▶ **TASK DETAILS**
Exact repetition is the task: copy every entry below.

+++ SOURCE MATERIAL +++

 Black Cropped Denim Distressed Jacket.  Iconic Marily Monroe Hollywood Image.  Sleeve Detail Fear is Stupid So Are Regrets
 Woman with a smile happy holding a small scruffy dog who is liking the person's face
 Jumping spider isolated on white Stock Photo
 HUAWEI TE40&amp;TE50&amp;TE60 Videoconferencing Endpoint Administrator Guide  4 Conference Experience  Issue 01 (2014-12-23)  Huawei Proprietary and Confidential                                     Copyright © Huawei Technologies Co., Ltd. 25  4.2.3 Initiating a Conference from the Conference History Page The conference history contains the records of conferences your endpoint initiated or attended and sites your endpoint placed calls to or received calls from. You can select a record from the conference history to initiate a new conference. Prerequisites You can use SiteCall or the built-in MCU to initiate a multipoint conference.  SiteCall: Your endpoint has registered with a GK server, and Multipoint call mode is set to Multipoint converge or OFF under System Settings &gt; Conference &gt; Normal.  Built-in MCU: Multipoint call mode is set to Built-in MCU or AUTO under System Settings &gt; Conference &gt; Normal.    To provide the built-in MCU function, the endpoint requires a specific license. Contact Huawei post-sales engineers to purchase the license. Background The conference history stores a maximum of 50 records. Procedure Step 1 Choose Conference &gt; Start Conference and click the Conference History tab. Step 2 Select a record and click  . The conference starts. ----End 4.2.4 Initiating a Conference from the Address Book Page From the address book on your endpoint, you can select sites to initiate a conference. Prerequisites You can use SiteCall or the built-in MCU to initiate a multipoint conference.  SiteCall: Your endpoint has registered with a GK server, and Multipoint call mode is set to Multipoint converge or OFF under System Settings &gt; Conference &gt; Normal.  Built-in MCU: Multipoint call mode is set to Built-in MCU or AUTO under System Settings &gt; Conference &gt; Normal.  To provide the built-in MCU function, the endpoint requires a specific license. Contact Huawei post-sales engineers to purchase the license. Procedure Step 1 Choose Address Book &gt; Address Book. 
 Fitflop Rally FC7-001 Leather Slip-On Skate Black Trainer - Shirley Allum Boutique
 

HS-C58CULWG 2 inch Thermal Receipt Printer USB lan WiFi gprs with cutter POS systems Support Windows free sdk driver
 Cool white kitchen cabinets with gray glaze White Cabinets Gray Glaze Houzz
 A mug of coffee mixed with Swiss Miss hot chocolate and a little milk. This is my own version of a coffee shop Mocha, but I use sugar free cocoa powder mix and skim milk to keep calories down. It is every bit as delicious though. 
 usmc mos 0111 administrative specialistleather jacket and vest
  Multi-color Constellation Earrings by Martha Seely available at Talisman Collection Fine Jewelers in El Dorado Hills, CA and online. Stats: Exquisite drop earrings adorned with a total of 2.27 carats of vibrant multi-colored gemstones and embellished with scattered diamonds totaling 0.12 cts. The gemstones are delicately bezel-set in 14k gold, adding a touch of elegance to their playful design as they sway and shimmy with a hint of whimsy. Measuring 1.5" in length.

+++

▶ **RESPONSE AREA**
 Black Cropped Denim Distressed Jacket.  Iconic Marily Monroe Hollywood Image.  Sleeve Detail Fear is Stupid So Are Regrets
 Woman with a smile happy holding a small scruffy dog who is liking the person's face
 Jumping spider isolated on white Stock Photo
 HUAWEI TE40&amp;TE50&amp;TE60 Videoconferencing Endpoint Administrator Guide  4 Conference Experience  Issue 01 (2014-12-23)  Huawei Proprietary and Confidential                                     Copyright © Huawei Technologies Co., Ltd. 25  4.2.3 Initiating a Conference from the Conference History Page The conference history contains the records of conferences your endpoint initiated or attended and sites your endpoint placed calls to or received calls from. You can select a record from the conference history to initiate a new conference. Prerequisites You can use SiteCall or the built-in MCU to initiate a multipoint conference.  SiteCall: Your endpoint has registered with a GK server, and Multipoint call mode is set to Multipoint converge or OFF under System Settings &gt; Conference &gt; Normal.  Built-in MCU: Multipoint call mode is set to Built-in MCU or AUTO under System Settings &gt; Conference &gt; Normal.    To provide the built-in MCU function, the endpoint requires a specific license. Contact Huawei post-sales engineers to purchase the license. Background The conference history stores a maximum of 50 records. Procedure Step 1 Choose Conference &gt; Start Conference and click the Conference History tab. Step 2 Select a record and click  . The conference starts. ----End 4.2.4 Initiating a Conference from the Address Book Page From the address book on your endpoint, you can select sites to initiate a conference. Prerequisites You can use SiteCall or the built-in MCU to initiate a multipoint conference.  SiteCall: Your endpoint has registered with a GK server, and Multipoint call mode is set to Multipoint converge or OFF under System Settings &gt; Conference &gt; Normal.  Built-in MCU: Multipoint call mode is set to Built-in MCU or AUTO under System Settings &gt; Conference &gt; Normal.  To provide the built-in MCU function, the endpoint requires a specific license. Contact Huawei post-sales engineers to purchase the license. Procedure Step 1 Choose Address Book &gt; Address Book. 
 Fitflop Rally FC7-001 Leather Slip-On Skate Black Trainer - Shirley Allum Boutique
 

HS-C58CULWG 2 inch Thermal Receipt Printer USB lan WiFi gprs with cutter POS systems Support Windows free sdk driver
 Cool white kitchen cabinets with gray glaze White Cabinets Gray Glaze Houzz
 A mug of coffee mixed with Swiss Miss hot chocolate and a little milk. This is my own version of a coffee shop Mocha, but I use sugar free cocoa powder mix and skim milk to keep calories down. It is every bit as delicious though. 
 usmc mos 0111 administrative specialistleather jacket and vest
  Multi-color Constellation Earrings by Martha Seely available at Talisman Collection Fine Jewelers in El Dorado Hills, CA and online. Stats: Exquisite drop earrings adorned with a total of 2.27 carats of vibrant multi-colored gemstones and embellished with scattered diamonds totaling 0.12 cts. The gemstones are delicately bezel-set in 14k gold, adding a touch of elegance to their playful design as they sway and shimmy with a hint of whimsy. Measuring 1.5" in length.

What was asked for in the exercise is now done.